How have you managed being a mompreneur?
First and foremost, I am a Mom. That itself is a full-time job. Interwoven between my role as matriarch and wife, I love being a creative designer. Being a designer and doing what I love is the most amazing occupation I could imagine.
As a mompreneur, I pride myself on being organized. I create lists and calendars to keep up with schedules and activities for my family and business. The flexibility of being a freelance professional allows me to design around my family responsibilities.
How has your business grown since?
I usually have about 5 or 6 projects going on at a time. Large or small, my business has grown tremendously over the years. I have not done any paid advertising, only a facebook page and a few ads on Craigslist. Word of mouth seems to work well for me.
Growth as a Designer
As your business grew, how did you grow technically as a designer?
I seem to learn a new techniques all the time.
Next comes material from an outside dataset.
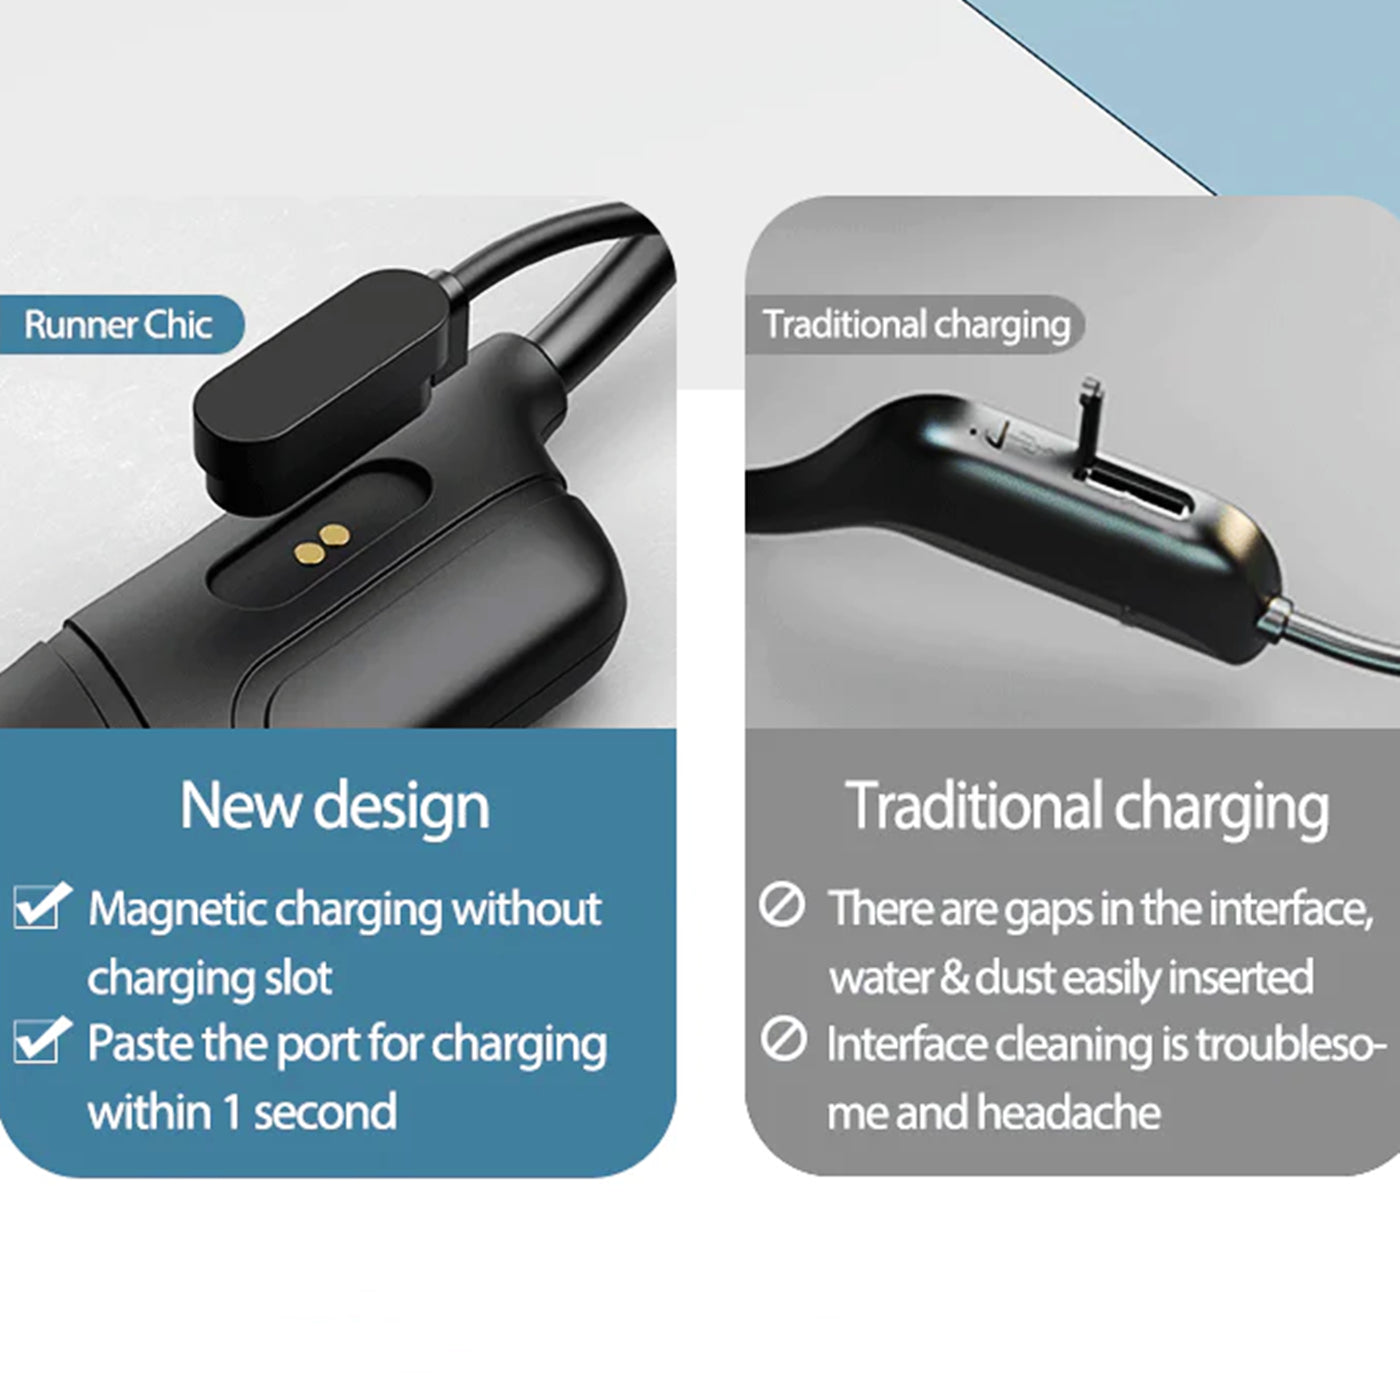 Compare magnetic charging with traditional charging methods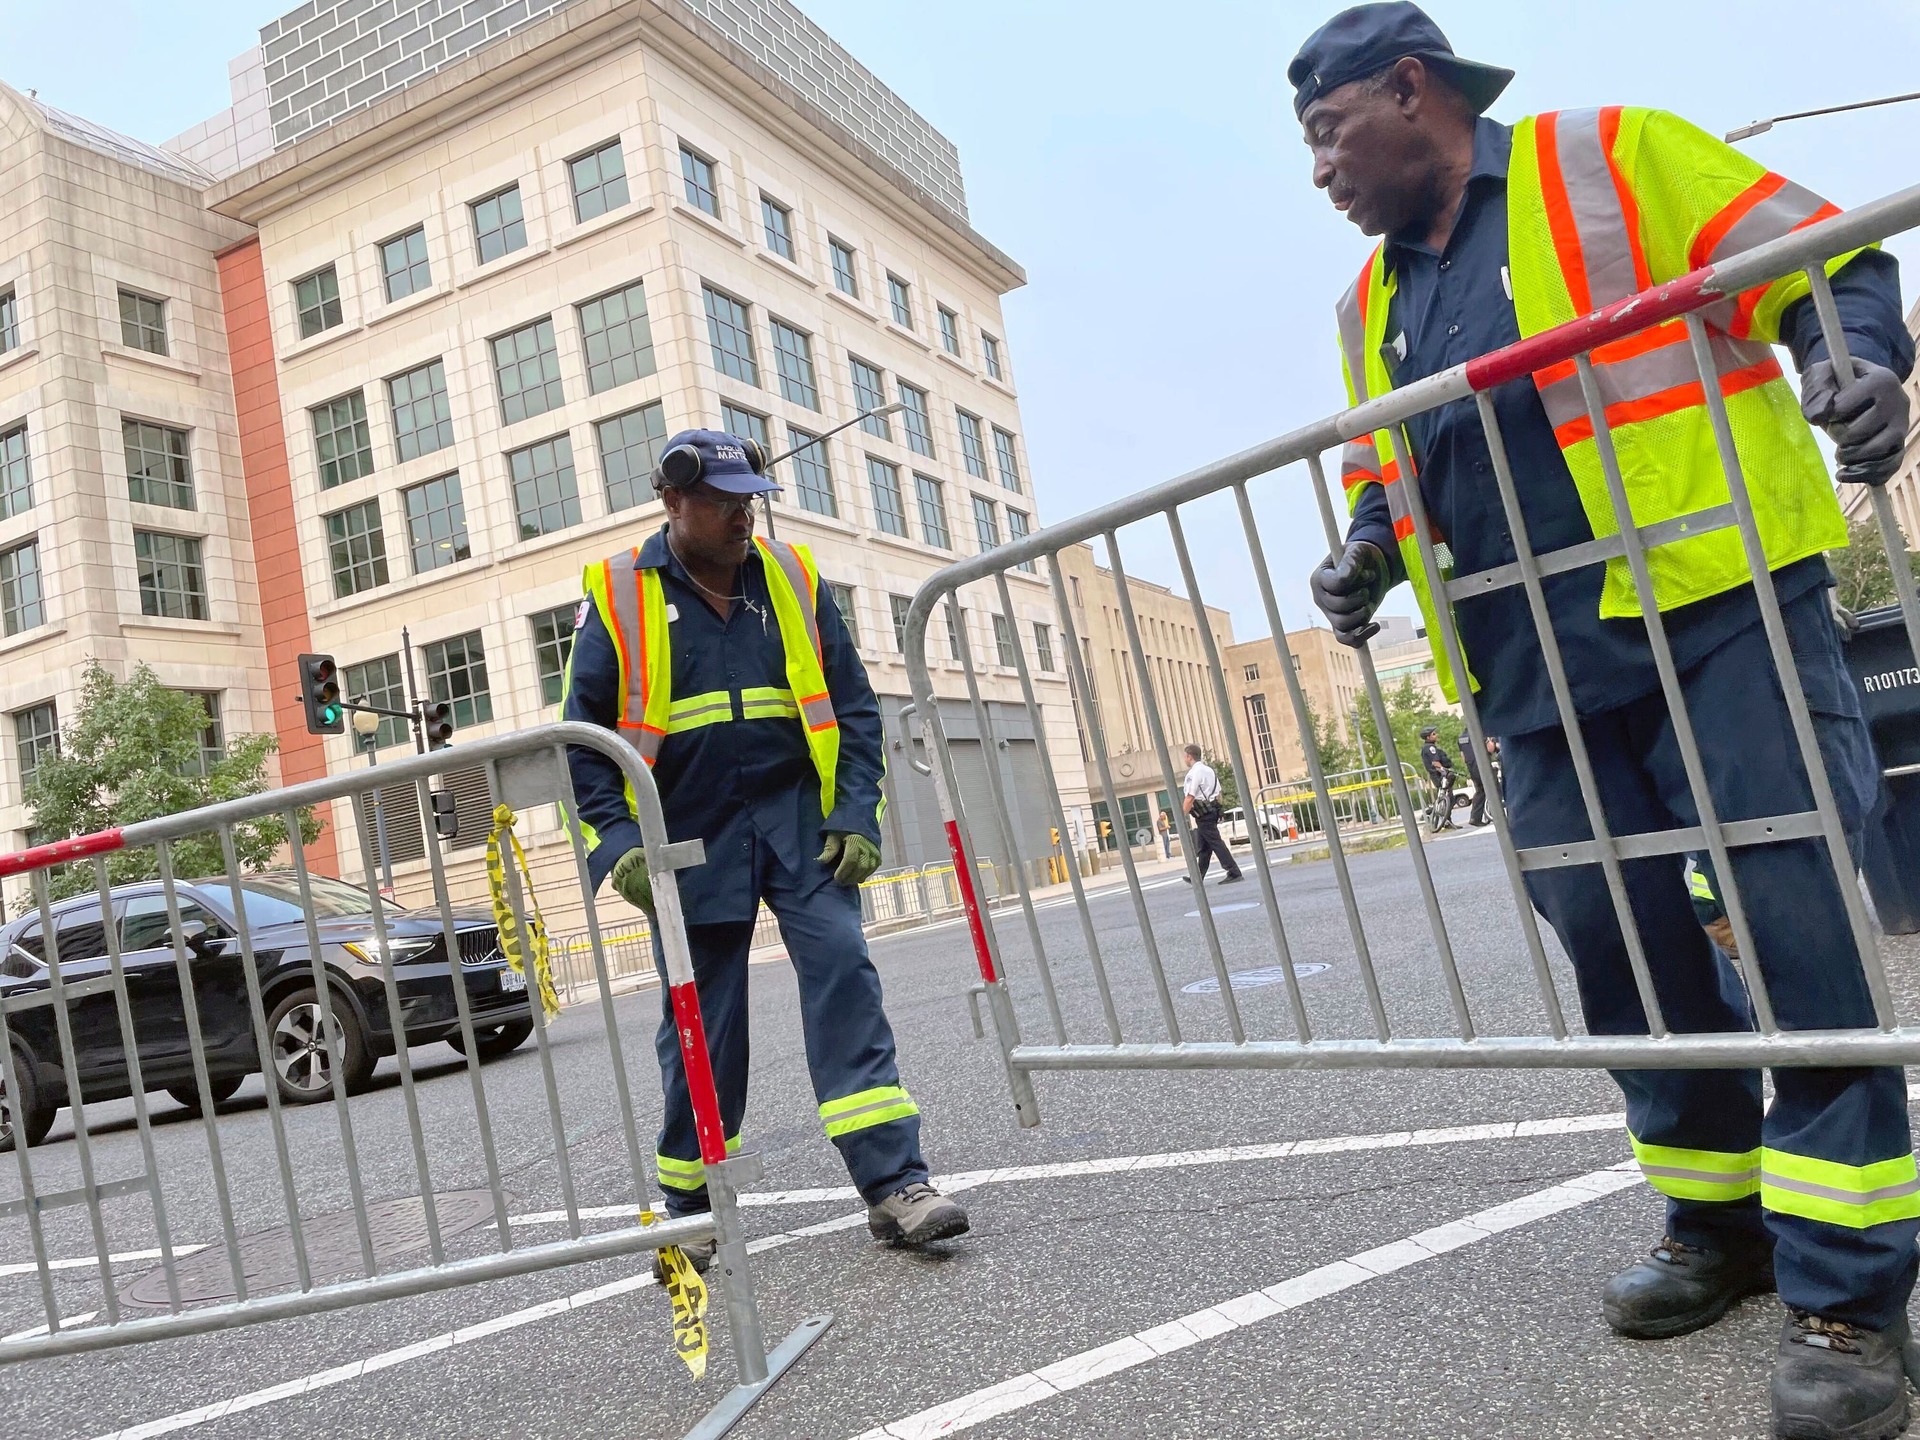 Workers placed barricades around the area of the courthouse ahead of the former president’s arrival.

When I am out on the web searching for inspiration, I may see a 3d image or interesting type effect that is appealing. I then find the tutorial so that I can add that to my skill set.
What is your creative process for projects?
I first research the client, history of the business, their industry and competition. After that, I have a ‘blueprint’ of what I need to communicate. I do not like just throwing an icon next to a font type because it looks good. Sometimes it is visually appealing, but I would never be comfortable unless I create a strong and unique logo that represents the true essence of the business, and helps communicate that to the world.